Canadian actor (1924–2005)

Lloyd Wolfe Bochner (July 29, 1924 – October 29, 2005) was a Canadian actor. He appeared in many Canadian and Hollywood productions between the 1950s and 1990s, including the films Point Blank (1967), The Detective (1968), The Young Runaways (1968), Ulzana's Raid (1972) and Satan's School for Girls (1973), and the television prime time soap opera Dynasty (1981–82). Bochner also voiced Mayor Hamilton Hill in Batman: The Animated Series (1992–95) and its follow-up The New Batman Adventures (1997–99).

== Career ==
At the age of 11, Bochner began his acting career on Ontario radio programs. He went on to garner two Liberty Awards, the highest acting honour in Canada, for his work in Canadian film and theatre. Bochner served in the Royal Canadian Navy during World War II. As a University College student at the University of Toronto, he actively participated in Hart House Theatre. In 1946, he made his debut with The Mapleville Story.

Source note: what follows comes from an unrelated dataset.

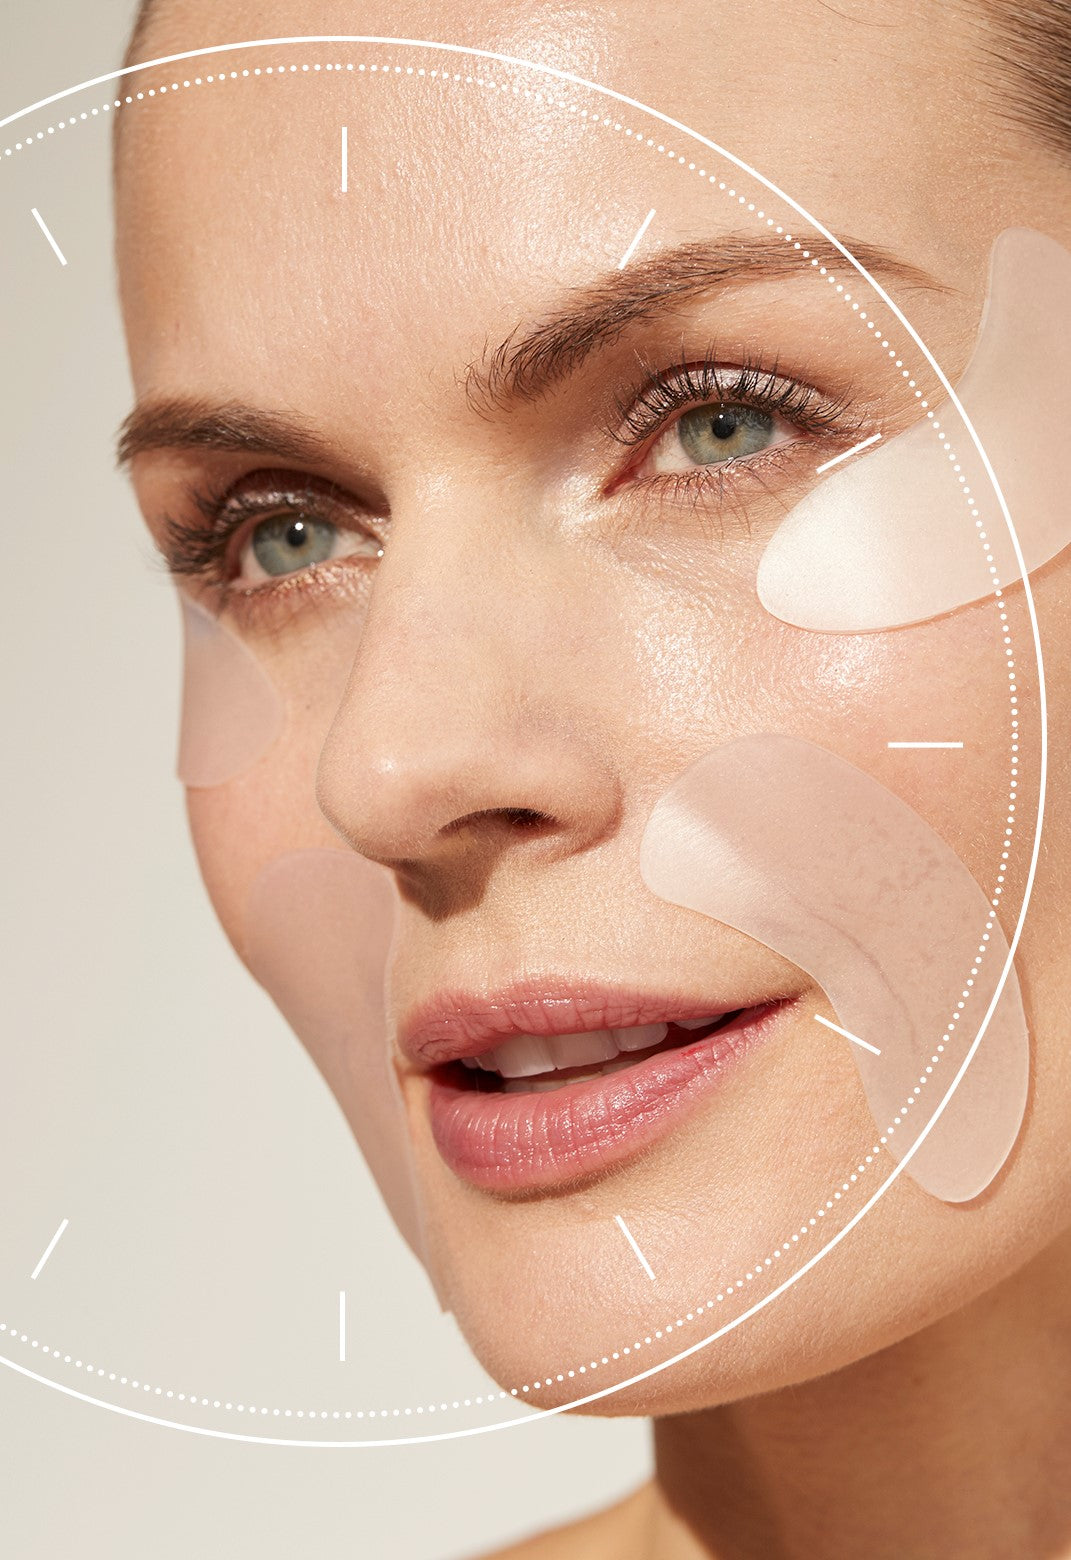 Non-Injectable Wrinkle Prevention - Is It Possible?
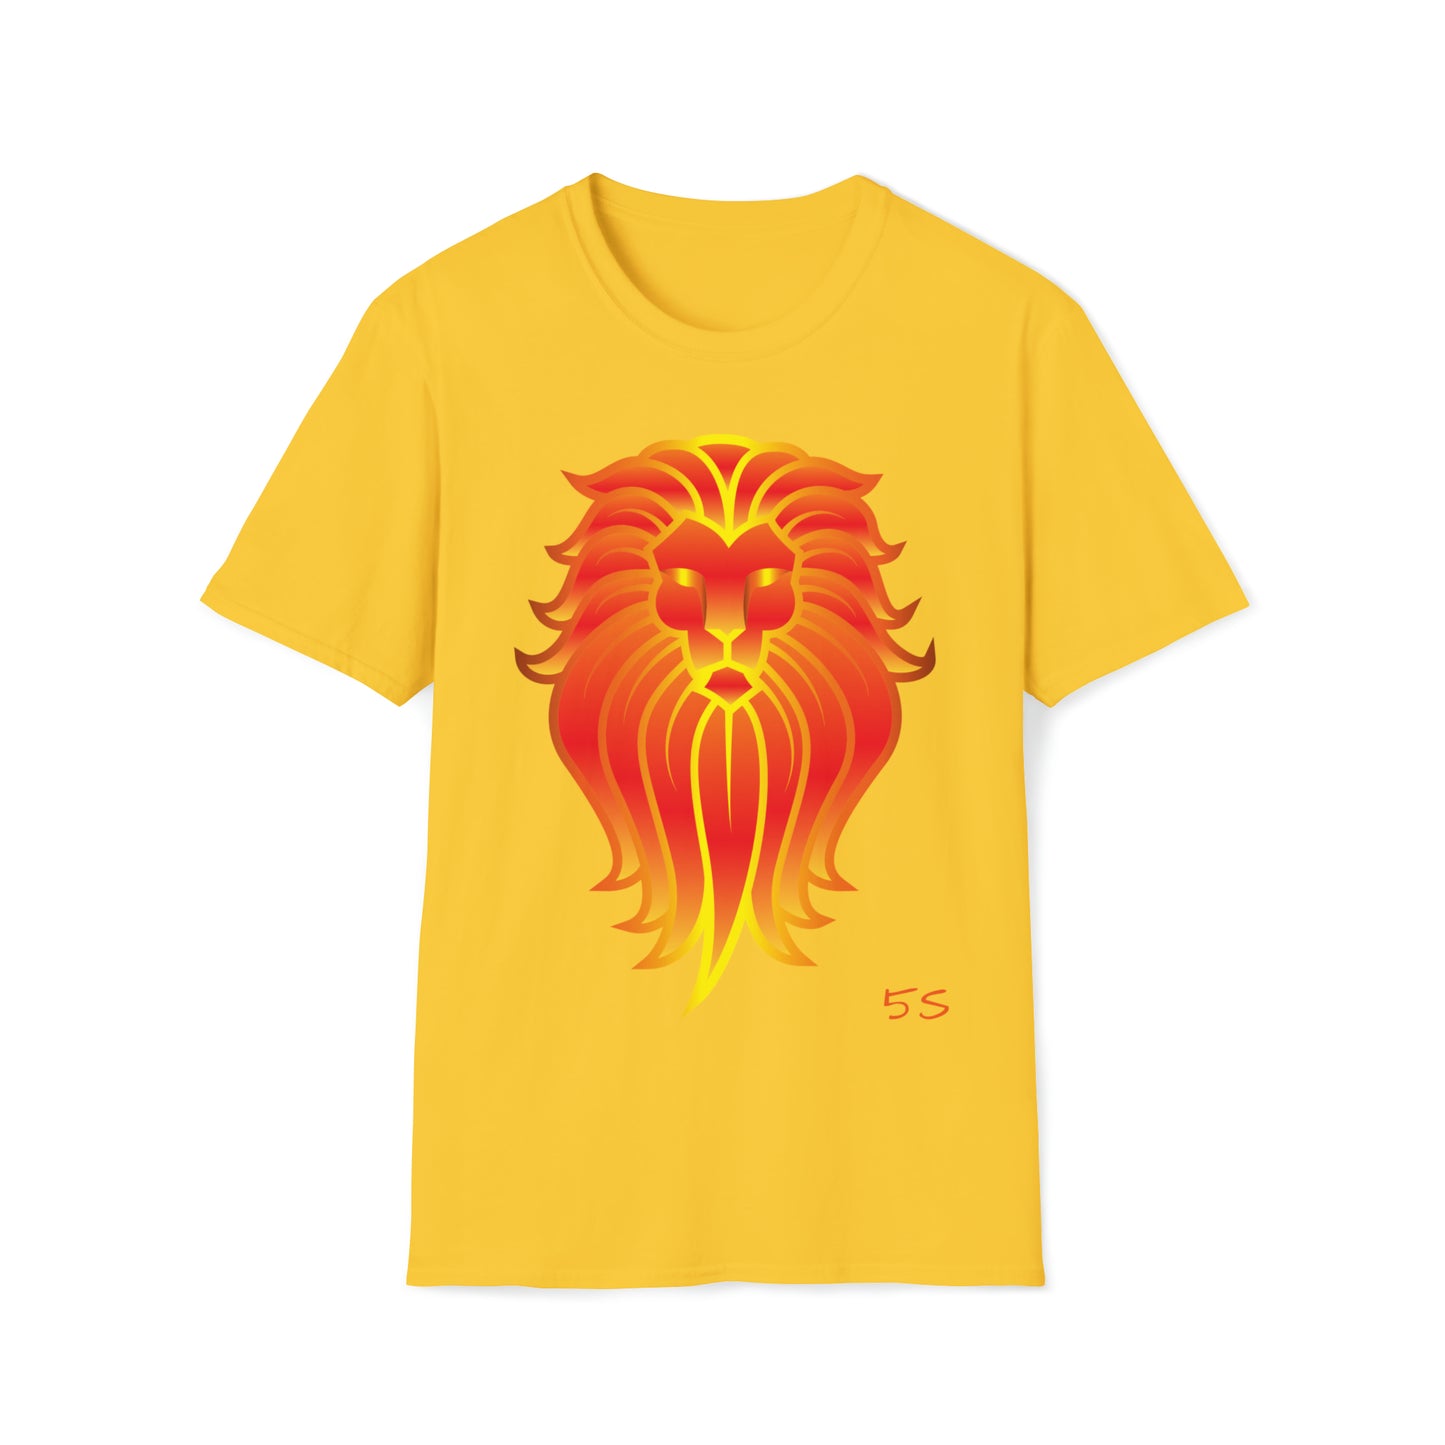 Lions Head Fire - Unisex Softstyle T-Shirt

In 1951 he appeared in early television series such as One Man's Family and Kraft Television Theatre. In 1960, ABC called with a starring role in the series Hong Kong with co-star Rod Taylor. Faced against NBC's Wagon Train, then one of the most highly rated programs on the air, Hong Kong ended with the 26th episode. In 1961, he guest-starred in The Americans, an American Civil War drama about how the conflict divided families, starring Darryl Hickman.

A few years later, Bochner appeared in one of his most famous roles, that of a cryptographer attempting to decipher an alien text in the classic 1962 Twilight Zone episode "To Serve Man", a part he spoofed years later in the comedy The Naked Gun 2½: The Smell of Fear. In 1962 and 1963, he appeared in two episodes of the CBS anthology series, GE True, hosted by Jack Webb; he portrayed the part of Stoughton in "Code Name: Christopher, Part I" and Captain Ian Stuart in "Commando".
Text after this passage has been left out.